The film reminds of Abbas Kiarostami’s depictions of childhood, Kafka’s annoying bureaucracy and the dark humor of the Romanian film The Death of Mr. Lazarescu. Where the three of them influential in your script and film approach?

While writing the script, we were reading Herta Müller’s books, a lot. Müller lived during Ceausescu era and felt similar feelings as I did at school. Maybe that’s why you compare it to the Romanian new wave. Because we live in similar geographies; but there is not a movie that I took as reference. I prefer not to watch movies while writing a script.

I can say that I was more meticulous while creating the visual world of the film. I used the academy ratio not only for its contribution to the claustrophobic atmosphere, but also because I was exploring with a character I wanted to keep close to, and to show the narrow mentality of the system. In my early short films, the use of a shoulder camera was born as an obligation. We never had the budget to rent tools such as dolly, Jimmy Jib. The shoulder camera later turned into my style.
In this film, I tried to use a moving camera to follow-up my leading character who is constantly on the move and because of its contribution to the thrilling elements in the film. Since I thought it wasn’t meaningful to color a darkness that the whiteness of the snow couldn’t illuminate, I opted for a narrow color scale, and I felt that in a place there is no music other than a bell, even a note we could hear from the outside would be too much, so I shouldn’t use music.

The blame game between the head, the teachers, the janitors and the students looks like a trial film. Were you thinking of any specific film of this genre?

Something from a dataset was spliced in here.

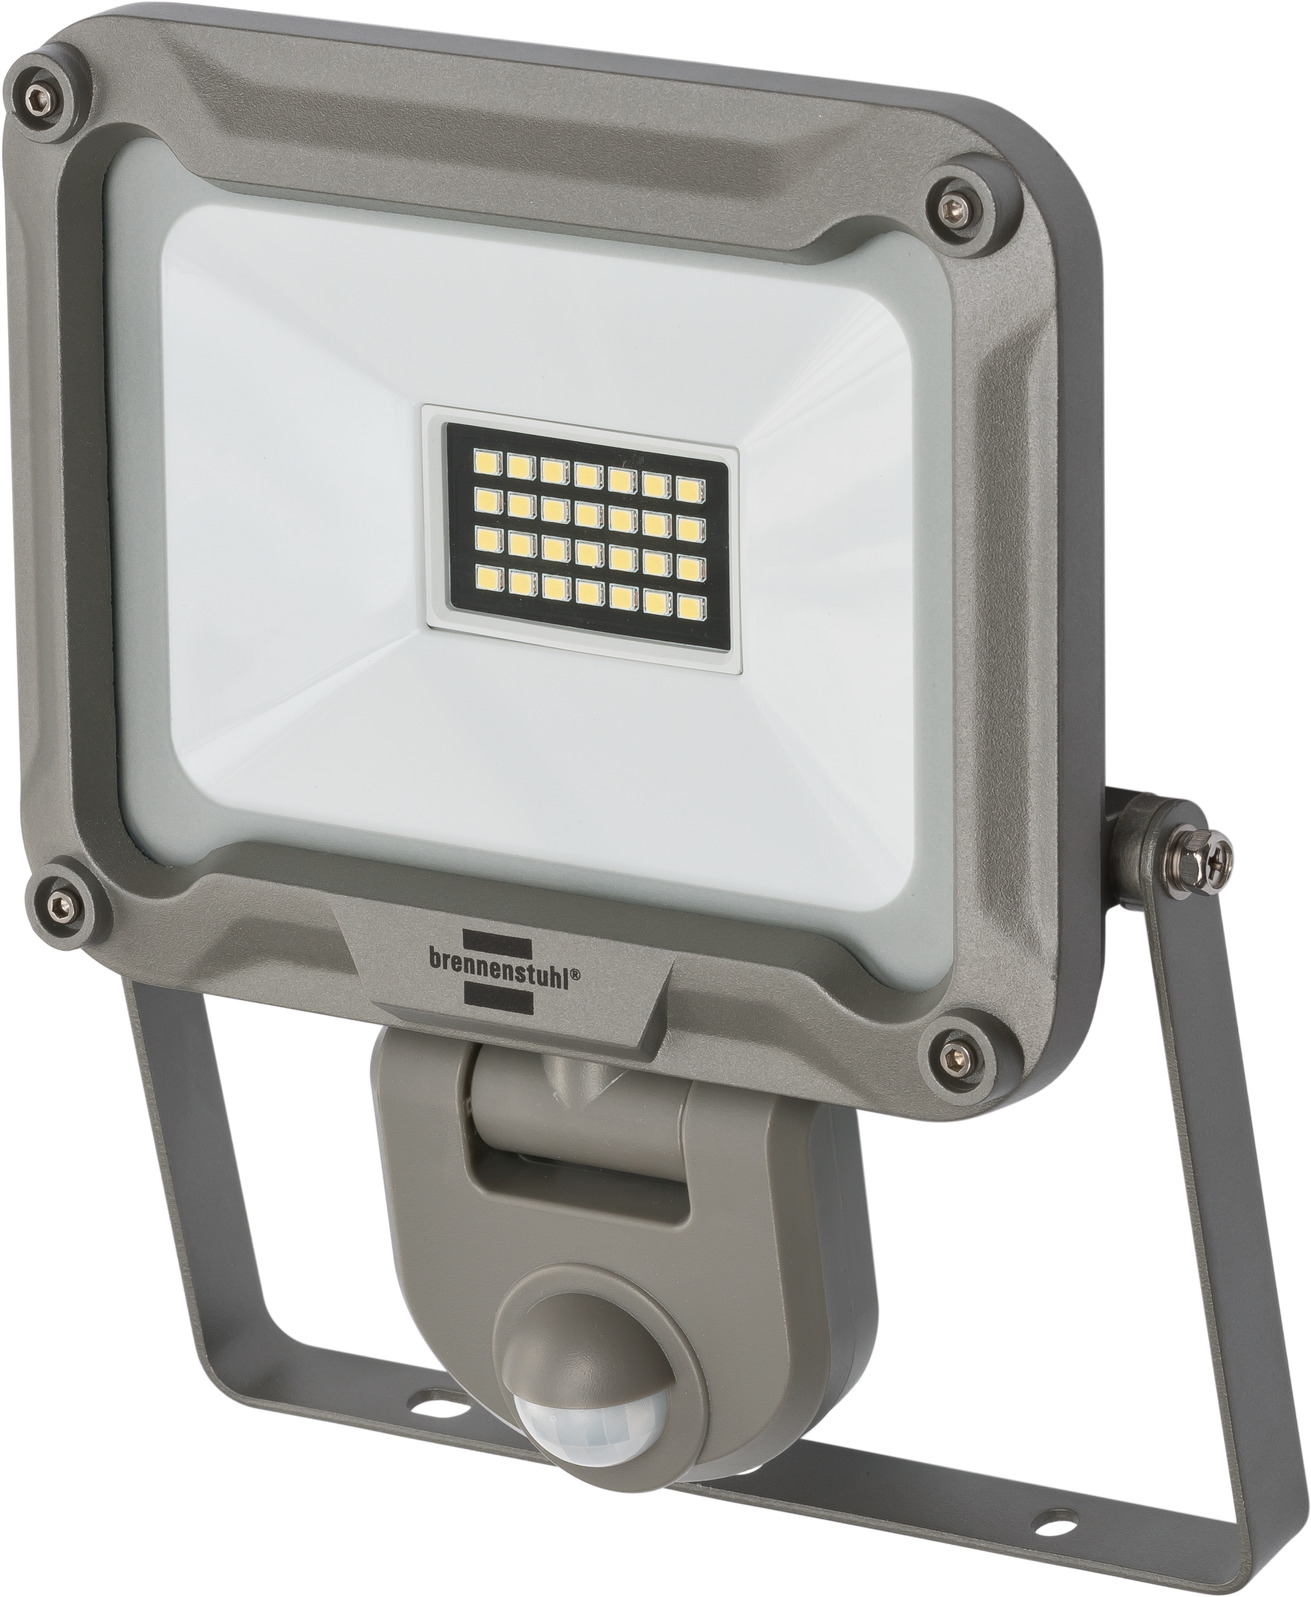 LED Strahler JARO 2050 P mit Infrarot-Bewegungsmelder 1950lm, 19,7W, IP54 |  brennenstuhl®
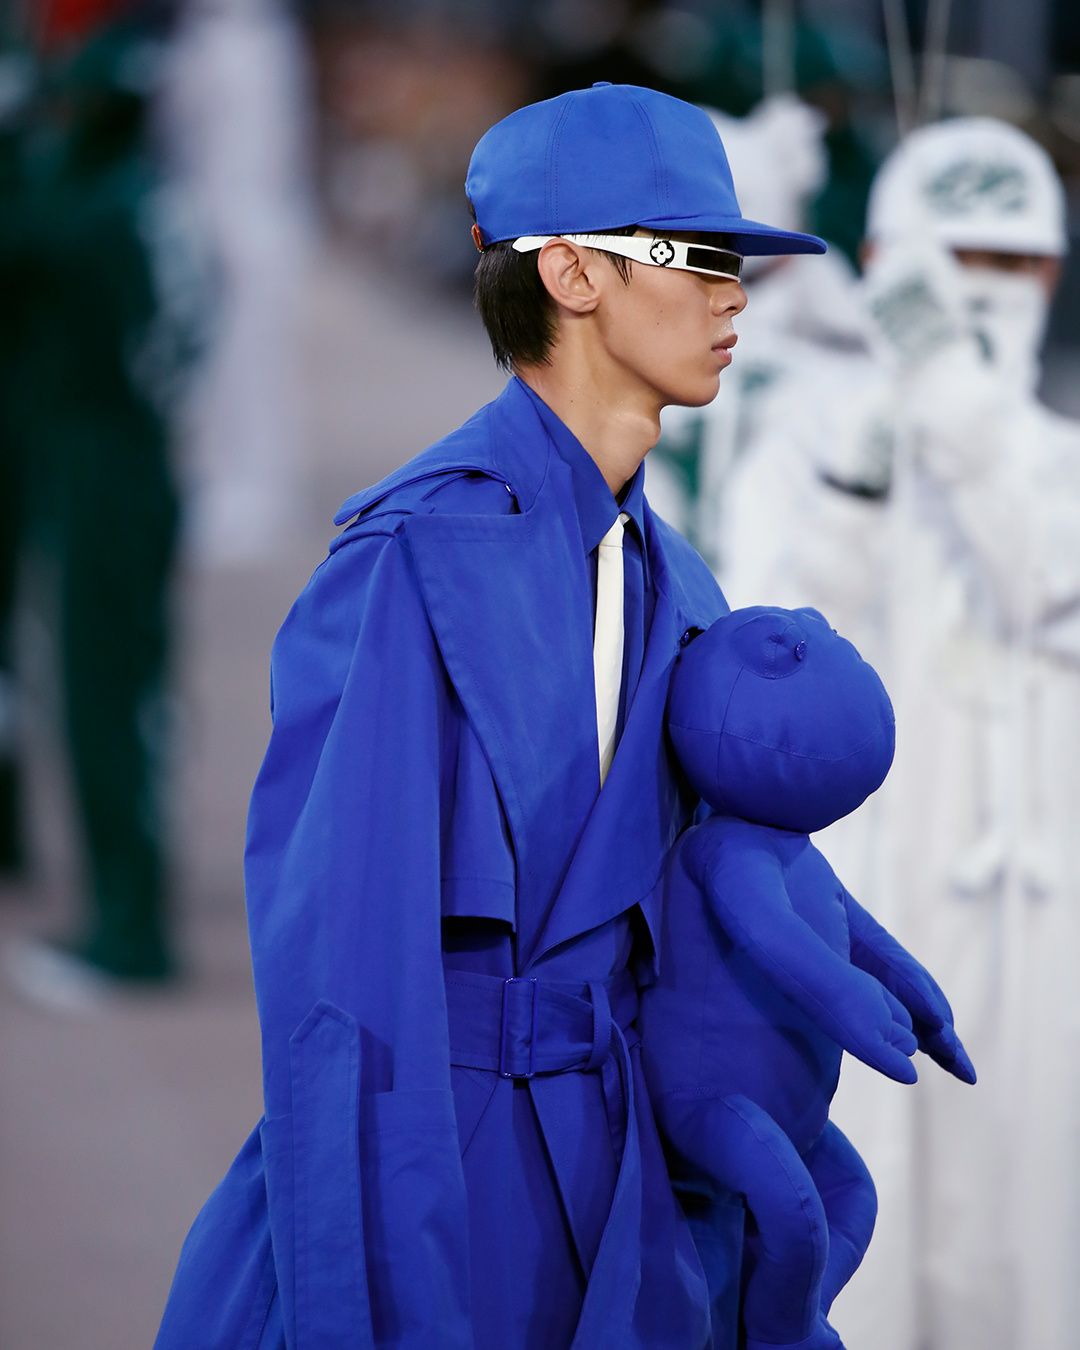 Where are Louis Vuitton handbags made? - Quora

I thought of the movie more like a detective movie, where everybody turns into a cop in their turn. This genre transforms the narrative, which also originates from the content, into a tense and dark structure. However, the fact that some of those involved are children and their fears form the entire boundary of the story. In this movie, I wanted to immerse the audience in that atmosphere from the first frame and ensure that they were there until the end of the movie. That’s why at the table, before I started the shooting, I had designed the plans and how to shoot in which scene. When I was on set, everyone knew what plans I was going to shoot that day.

Was your intention to imply that Kurdish oppression begins in school?

Almost all around the world, education systems have been set up to breed obedient, compliant lambs that do what they’re told. All the exams, the assignments, the rules are a wheel set up to choose the “obedient” one. Because you have to overcome them in order to move on to the next level, otherwise the system will deem you unsuccessful and eliminate you. There are very few education systems that promote creativity and independence. You need individuals who question, and this doesn’t seem likely with the current education system. A contradiction arises here. You cannot be libertarian and independent and expect individuals to be obedient at the same time. Because obedient individuals could be good workers, but they can never advance science. They mostly copy other people’s ideas.
Boarding schools are systems that impose obedience on students not only in classes but also as a way of life. As they are built on “normalizing” people, they’re also working as assimilation centers in Turkey. The number of boarding schools exceeds thousands, especially in regions where Kurds are densely populated.